From the Pastor’s Desk -March 2019

After this many of his disciples turned back and no longer walked with him.  So Jesus said to the twelve, “Do you want to go away as well?”  Simon Peter answered him, “Lord, to whom shall we go?  You have the words of eternal life, and we have believed, and have come to know, that you are the Holy One of God.”  (John 6:66-69)

This conversation between Jesus and his disciples is recorded at the end of a long chapter in John’s Gospel.  Jesus had traveled to the east side of the Sea of Galilee in the region of what was known as the trans-Jordan.  We are told that quite a large crowd followed him because of the miracles they had witnessed him perform.  Jesus, as was so often the case, used such occasions as a teaching moment.

Knowing that they had been walking with him for some distance and were inevitably hungry, Jesus  asked Philip where they might find enough bread to feed them.  Philip, in essence, shrugged his shoulders and said, “Good question.”  Peter’s brother, Andrew, piped up, “There’s a little boy here with a bag lunch,” knowing full well that it wouldn’t go far with a crowd of over 5000.  What Jesus did, of course, was to take those two small dried fish and five small pita breads and miraculously multiply them and distribute it among everyone who was there.  When everyone had eaten their fill the disciples gathered up the leftovers for another day.  This was done for all the crowd to take notice.

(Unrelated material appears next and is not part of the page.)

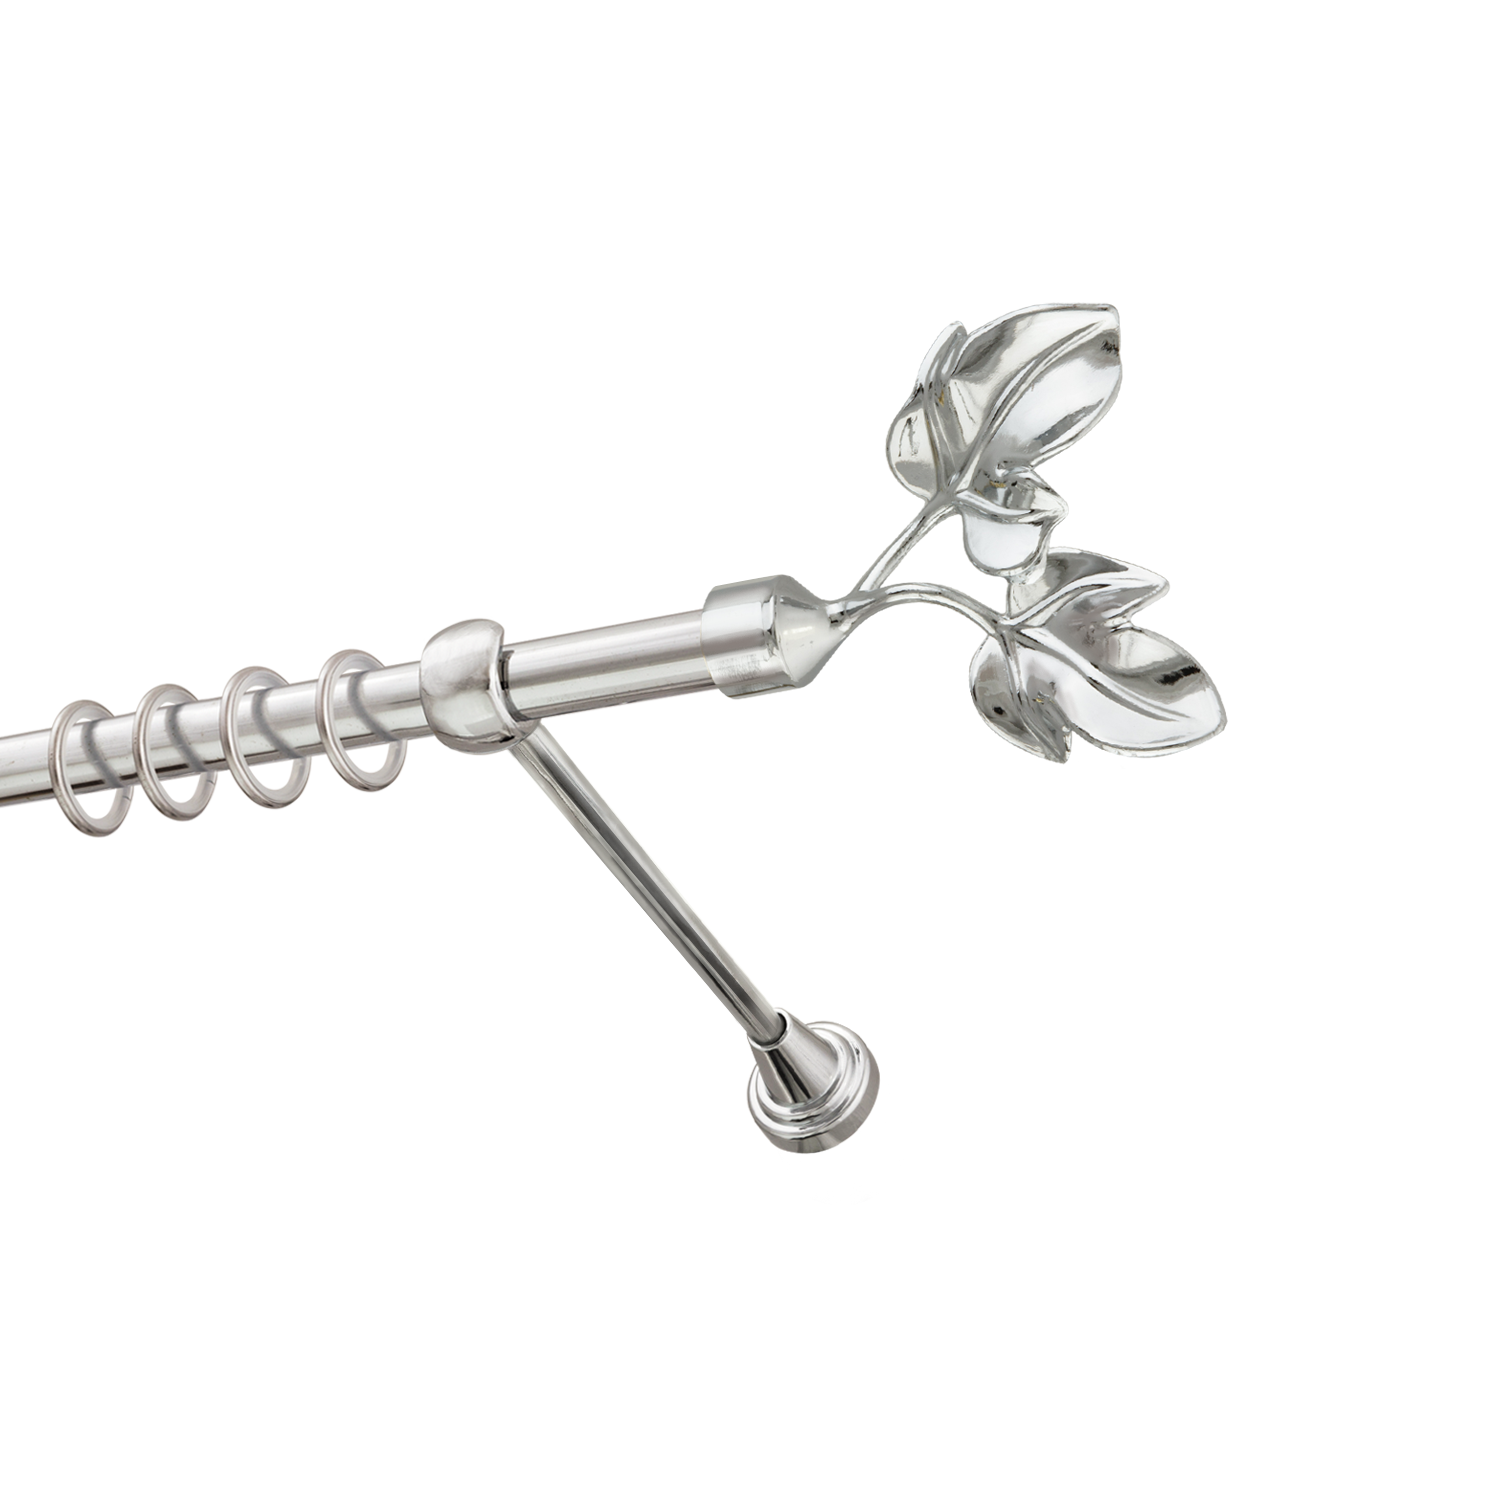 Металлический карниз для штор Листья, однорядный 16 мм, серебро, гладкая штанга, длина 300 см - фото Wikidecor.ru

Not long after, the disciples got aboard a small fishing boat and set sail for the other side of the lake.  Many in the crowd apparently were aware that Jesus hadn’t left with them.  By the next day the crowd had made their way around to the other side of the lake, and lo and behold, there was Jesus, with his disciples.  Sometime during the night Jesus had followed on foot, across the water, no less!  Another miracle.  The first thing the crowd wanted to know was, “When did you get here?”  In other words, “How did you get here?”

Jesus turned the question on its head by saying, “I know what you really want.  To be entertained by another miracle not to mention another free lunch.”  They weren’t too keen on Jesus’ response, so they appealed to Moses who had fed their ancestors for forty years in the wilderness.

Now here’s the teaching moment.  Jesus told them that he was the “bread of life”, and that to follow him they must “eat his flesh and drink his blood”.  He was not talking about cannibalism, of course, but rather about being united to him by faith.  That union with him would mean walking in covenant relationship with him, just as eating the manna in the wilderness 1500 years earlier required walking in covenant relationship with the God who had spoken to their ancestors from the mountain.

Well, of course, what Jesus said proved too much for many in the crowd who took their leave.  Thus, Jesus’ question to the twelve, “How about you?  Do you want to leave too?”

Simon Peter’s response is so telling.  “I don’t see any option.  Not if you are who we have come to believe you are.”  But notice how he addressed Jesus – “Lord”!  That’s more than just a polite term of respect.  It is an acknowledgement that this Jesus whom they had chosen to follow was more than just some itinerant preacher.  He was the Christ.  Discipleship is about following Jesus.

Well, being a Christian is more than just going for the entertainment and the expectation of goodies.  It really means following Jesus and calling him Lord.